Шорох в двери, — Долорес вернулась. Прежде чем комнату осветила полоса света из открытой двери, Лизель крикнула ей — чужим, бесцветным голосом:

— Долорес! Ты была права.

***

Прошло два месяца. Лизель была уже настоящей опытной шлюхой. Ее ебли каждый вечер, ебли помногу, в самых разных конфигурациях — и молодые, и пожилые, и по очереди, и одновременно, и мужчины, и женщины (да, — ей пришлось освоить и женский секс), и в пизду, и в рот, и в попку…

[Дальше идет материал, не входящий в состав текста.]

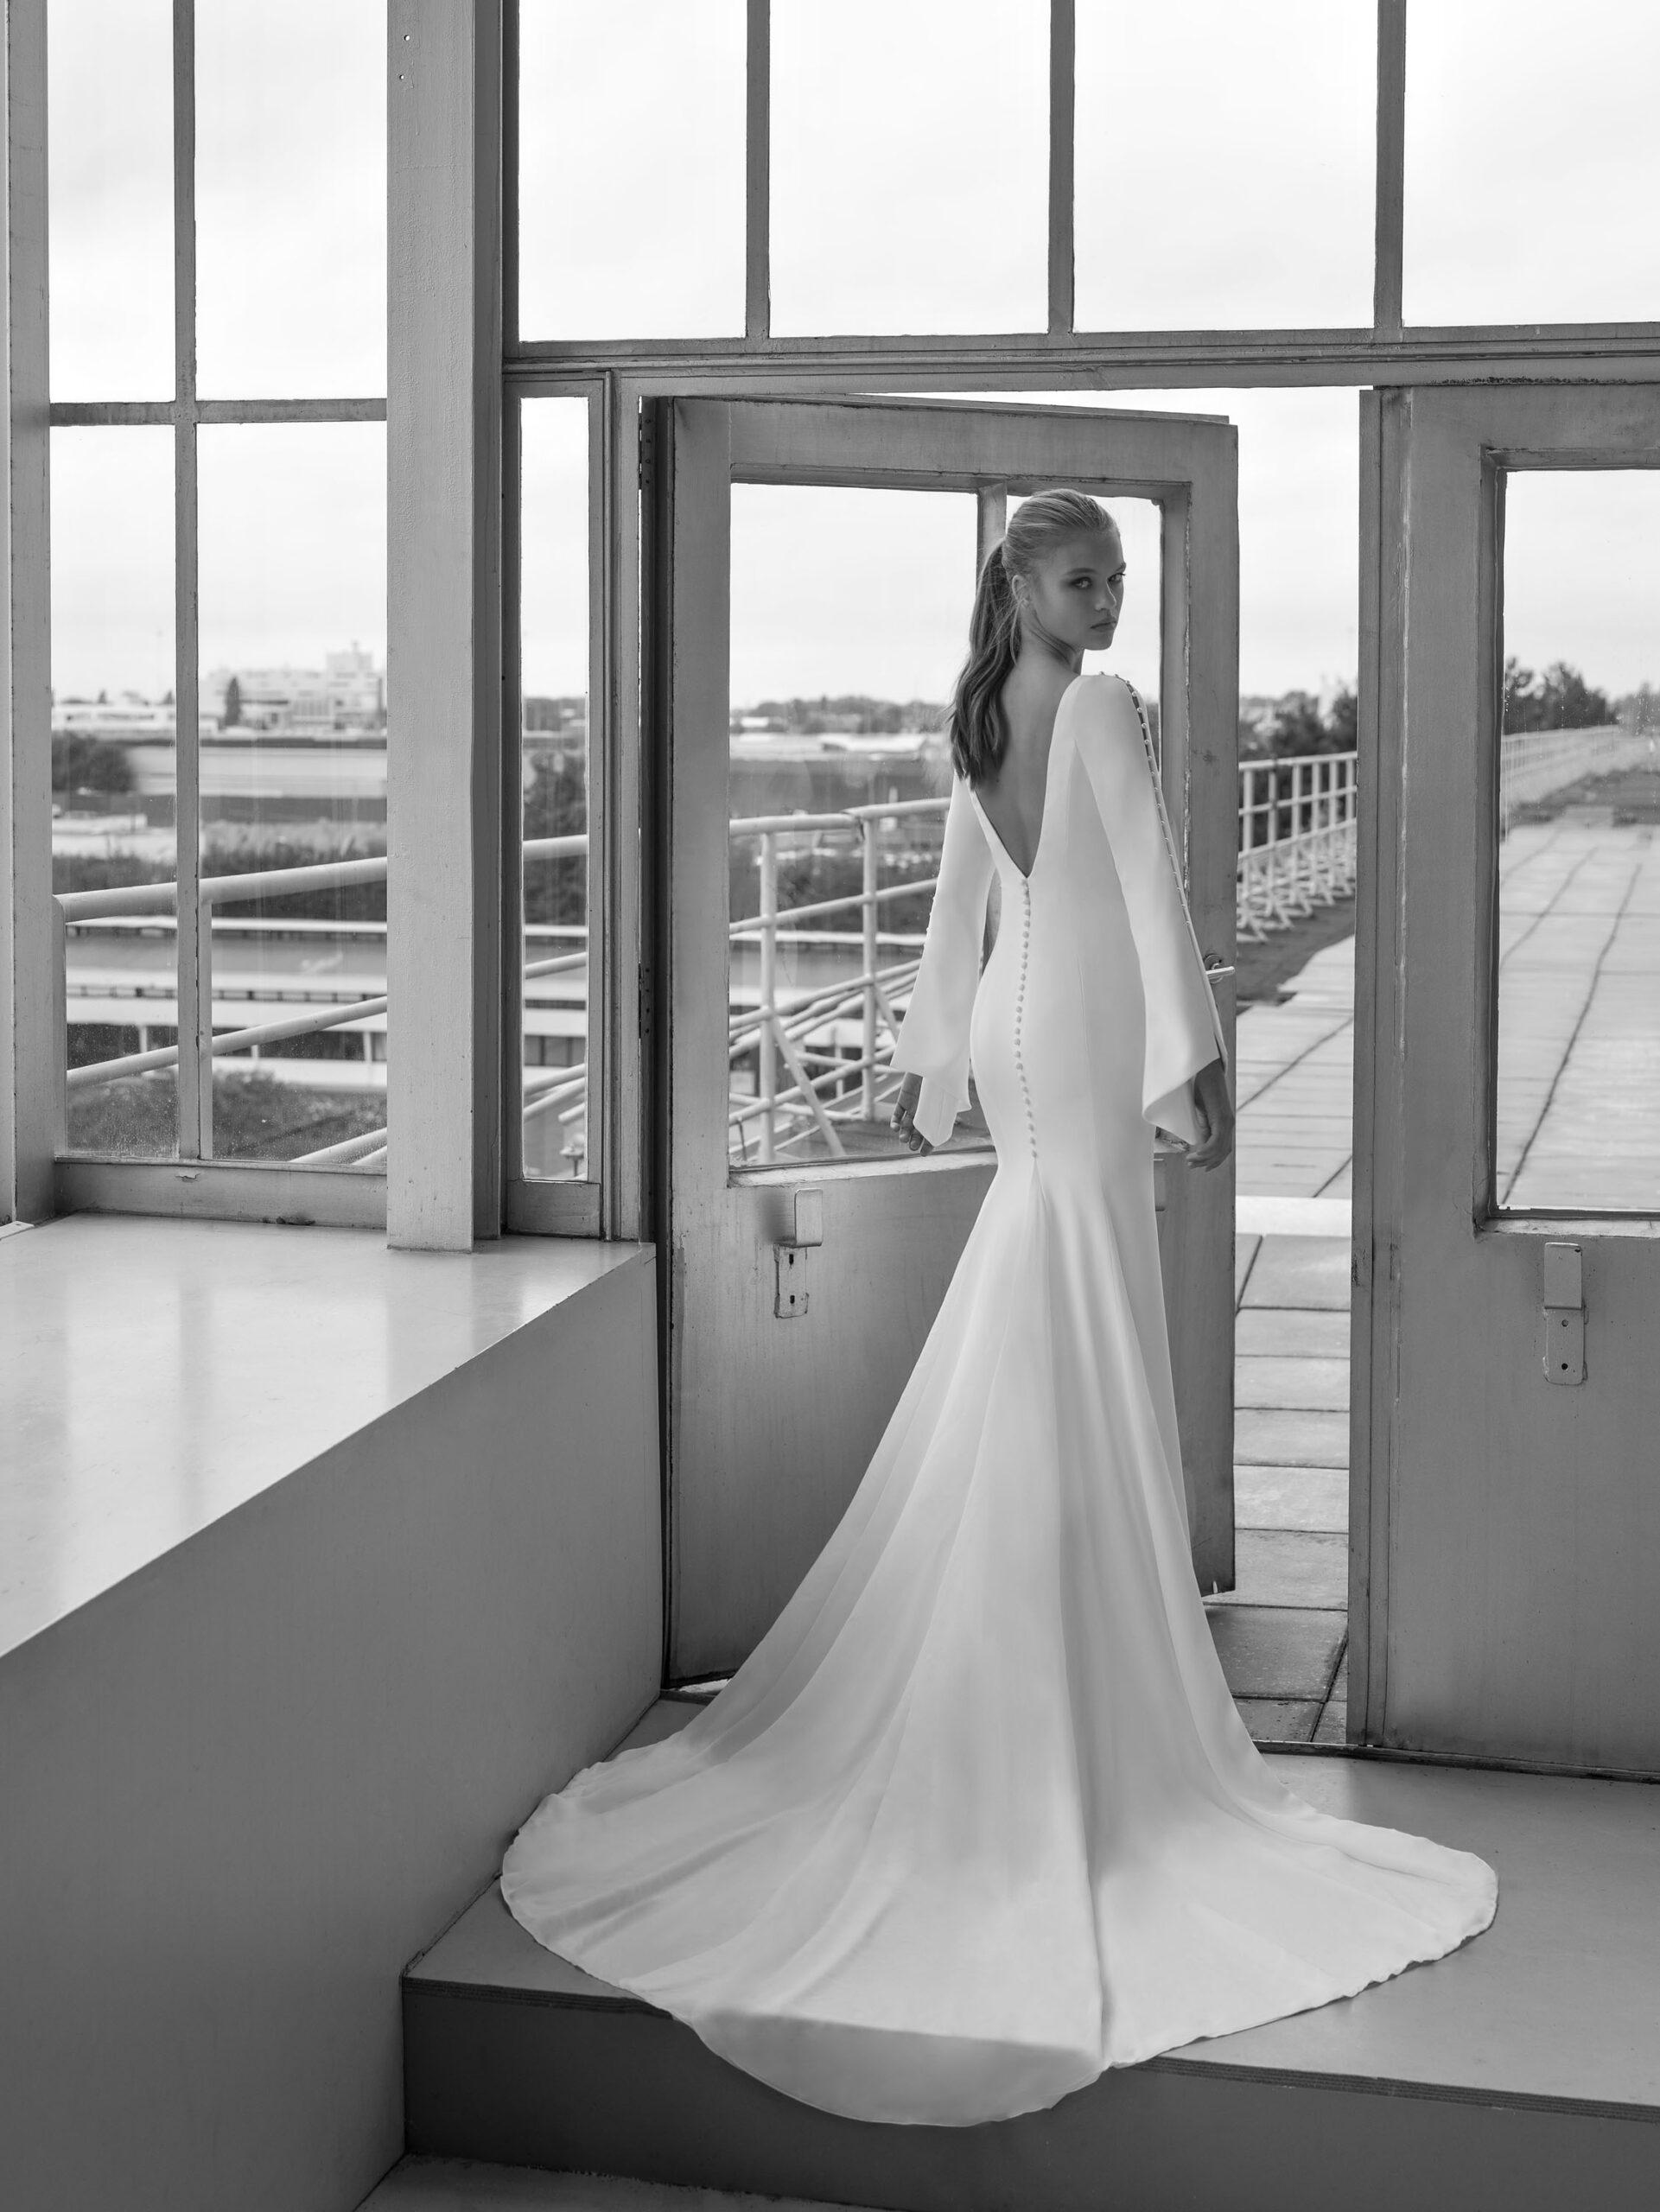 Bryllupskjole sort hvid

Попку ей разъебали уже на второй день. Свой второй раз она запомнила так же ярко, как и первый: сверкало солнце, город гудел, как сумасшедший улей, все торопились по делам, — а она шла ТУДА и думала: я иду отдаваться, иду торговать своим телом, иду заниматься блудом… я проститутка, шлюха, блядь… Примерять эту роль на себя было очень странно — так странно, что Лизель даже не чувствовала шока. Тем более, что главной мыслью в ней было: КАК будет сегодня?

…Когда она раздевалась — она уже точно знала, что сейчас будет ЭТО, знала, что делает ЭТО сознательно, ее никто не заставляет — и груз ответственности исчез, освободив место сладкому, запретному волнению.

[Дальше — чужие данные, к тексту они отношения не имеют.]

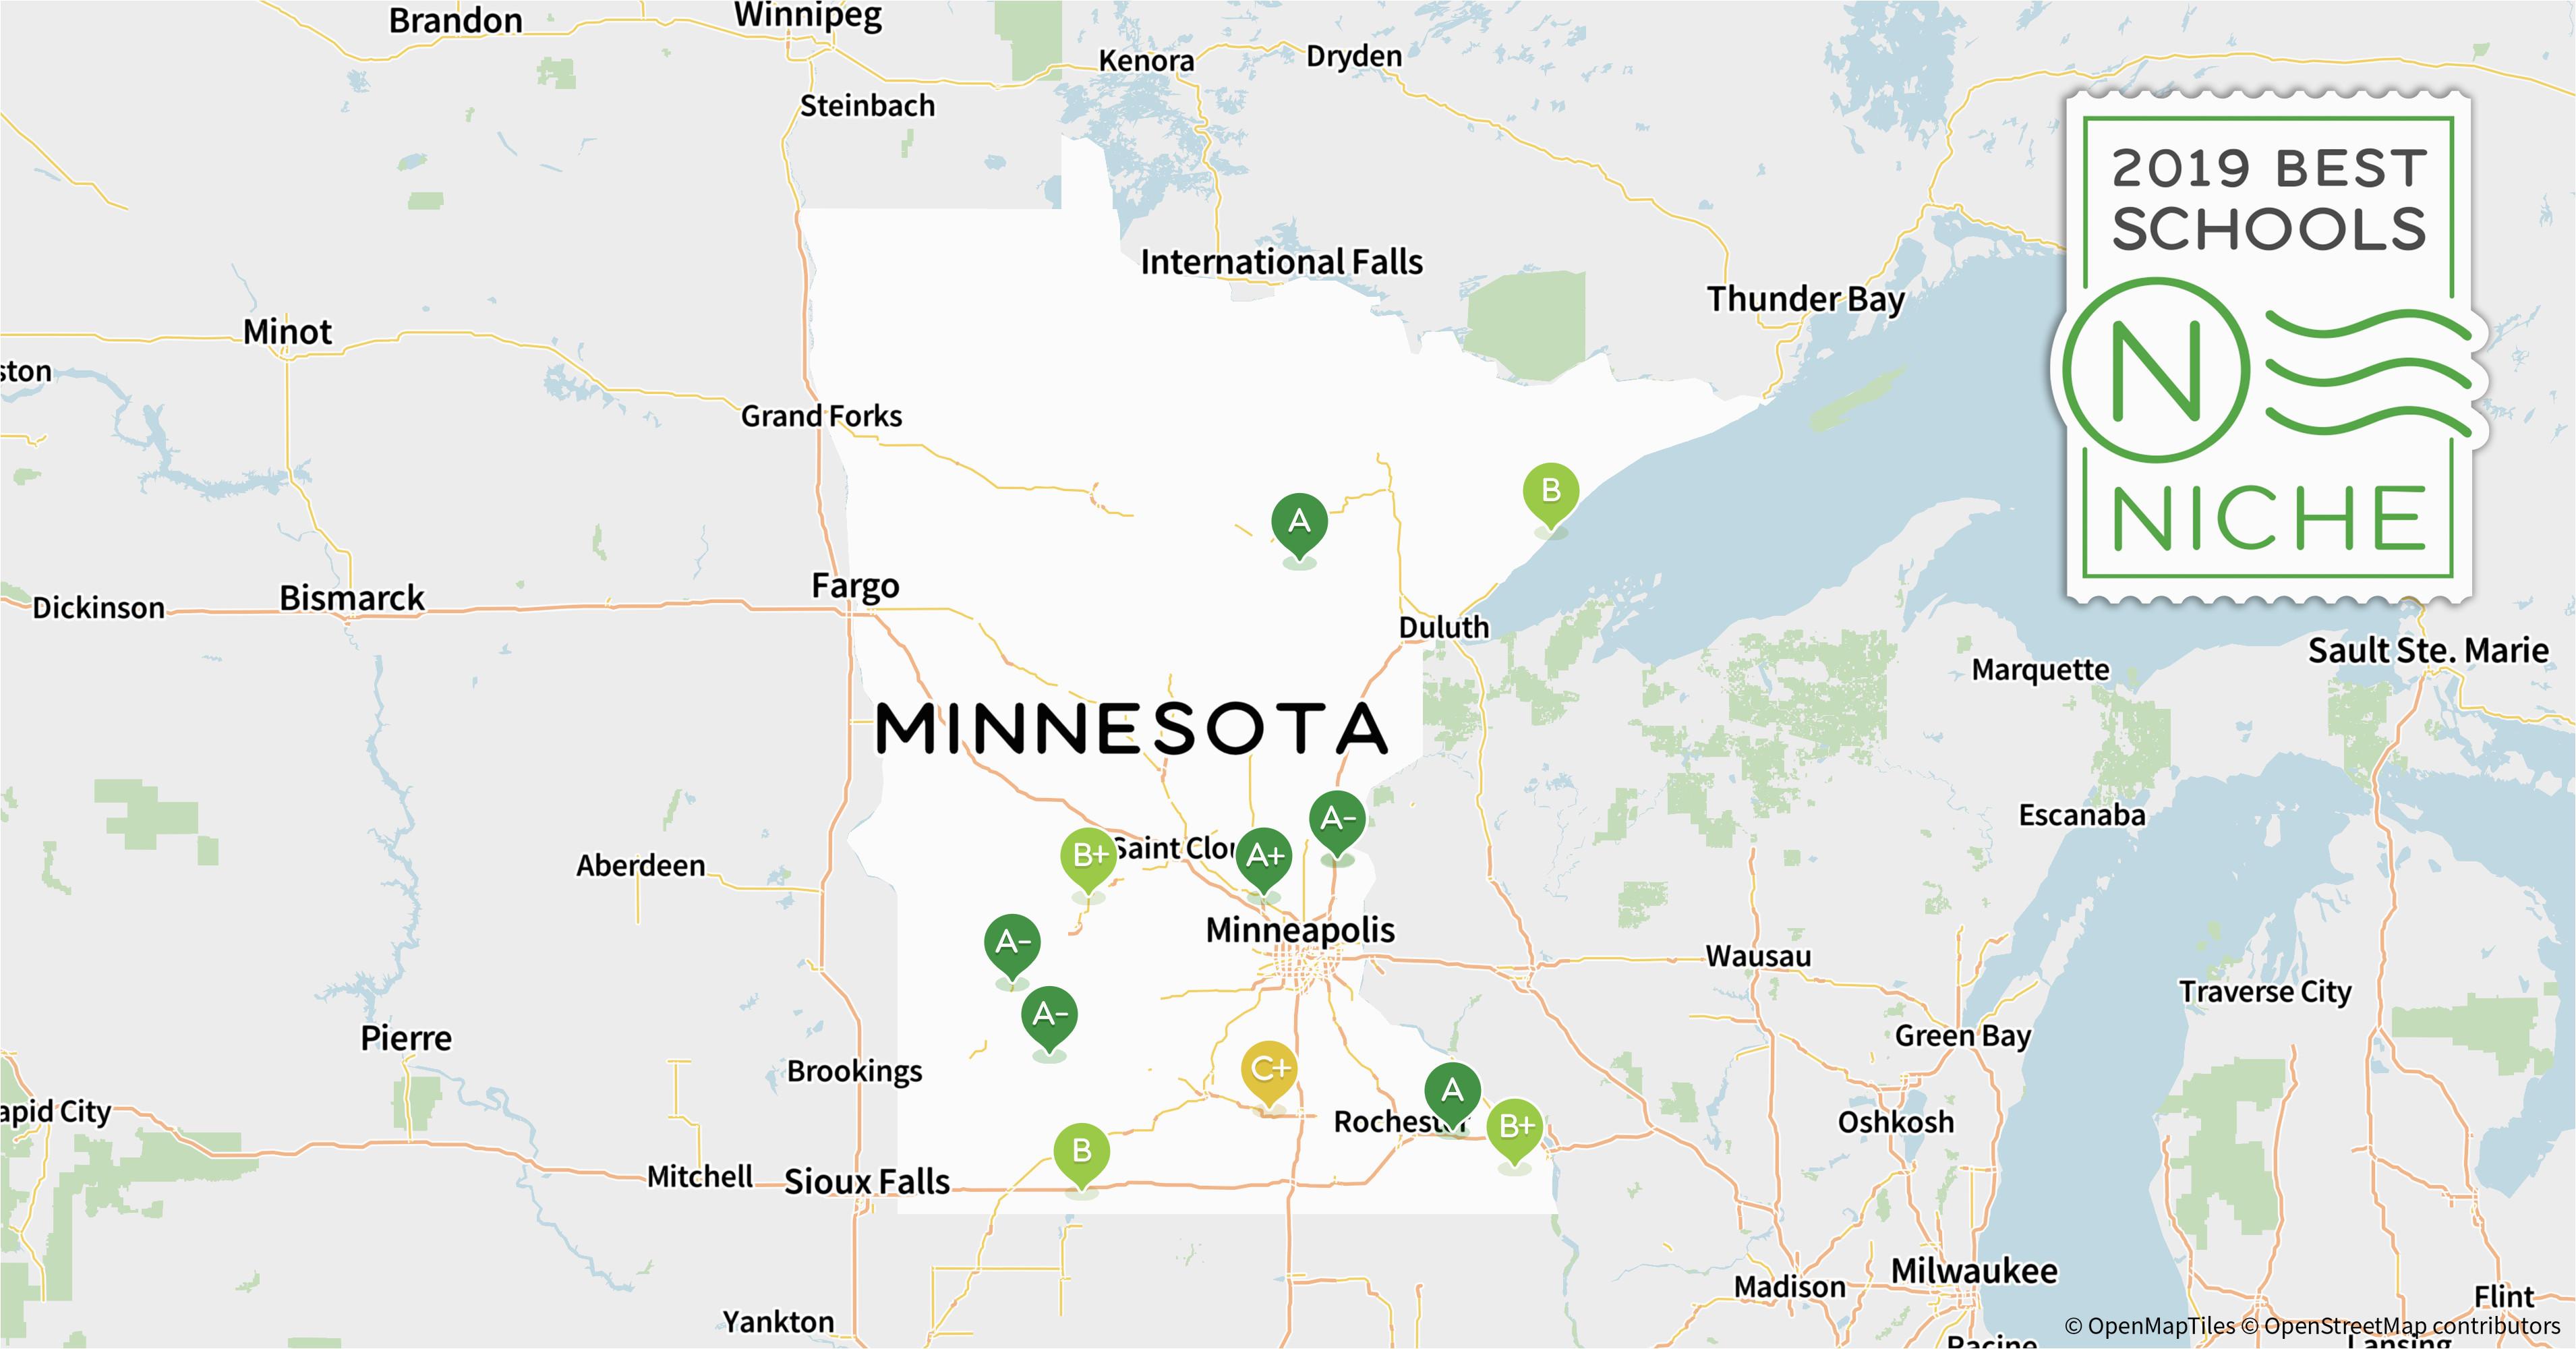 Map Of Minnesota School Districts 2019 Best Private High Schools In Minnesota Niche

— О, да ты уже совсем освоилась! Как поживает наша пизденка, наш цветочек? — фотограф усадил Лизель на стул и, заставив ее раскорячить ноги, нагнулся и лизнул пизду. Лизель дернулась: ее будто ошпарили сладким кипятком. Фотограф поднял голову, посмотрел на Лизель — «какая сладкая…» — и вновь прильнул к ее пизде. Он лизал, смоктал и подсасывал ее, и Лизель выла и выгибалась, истекая внутри маленькими липкими капельками; в ее пизде расцветали сказочные цветы, прорастая внутрь сладкими корнями…

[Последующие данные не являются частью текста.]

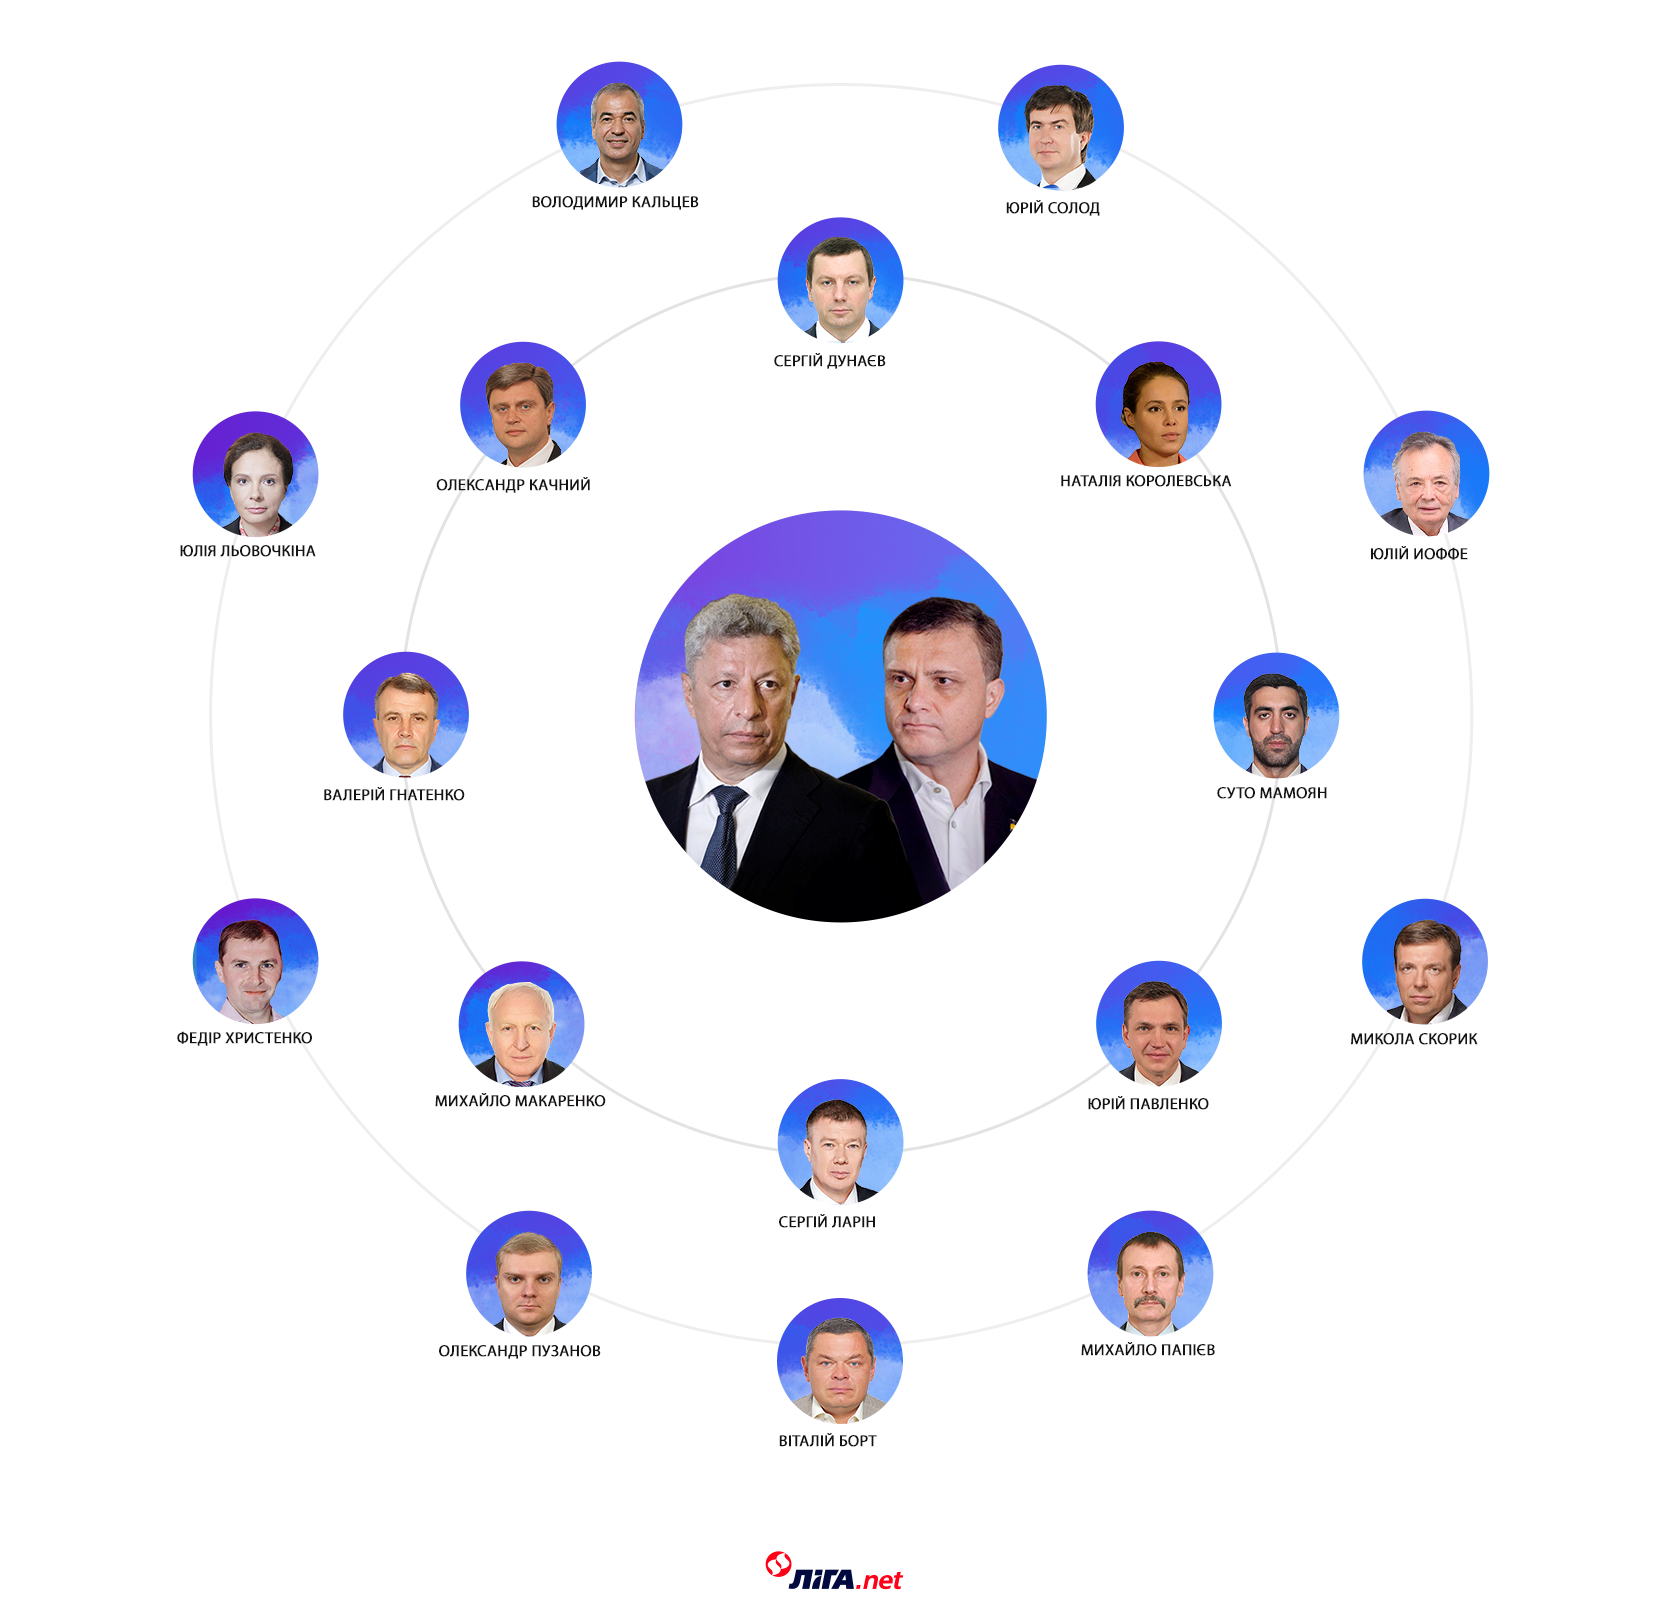 Група Бойка-Льовочкіна (інфографіка – LIGА.net)

Внезапно фотограф отлип от нее, поднялся и сказал:

— Хорошенького понемножку. Смотри, Пауло, кого я тебе приберег! — Фотограф подтолкнул голую, дрожащую Лизель к очередному парню для порносъемок, завербованному на улице. — Делай с ней, что хочешь. Я сказал, что хочешь! — повысил он голос, увидев отчаянный взгляд Лизель.

И Пауло делал: он высасывал рот Лизель долгими, невозможно сладкими поцелуями, слюнявил ее тело, мучил груди, наново вспорол ее пизду, слипшуюся внутри от вчерашней крови… Лизель хныкала и выла от сладости, от режущей боли в пизде и от бешеного волчка в потрохах, превратившего ее в тряпичную куклу.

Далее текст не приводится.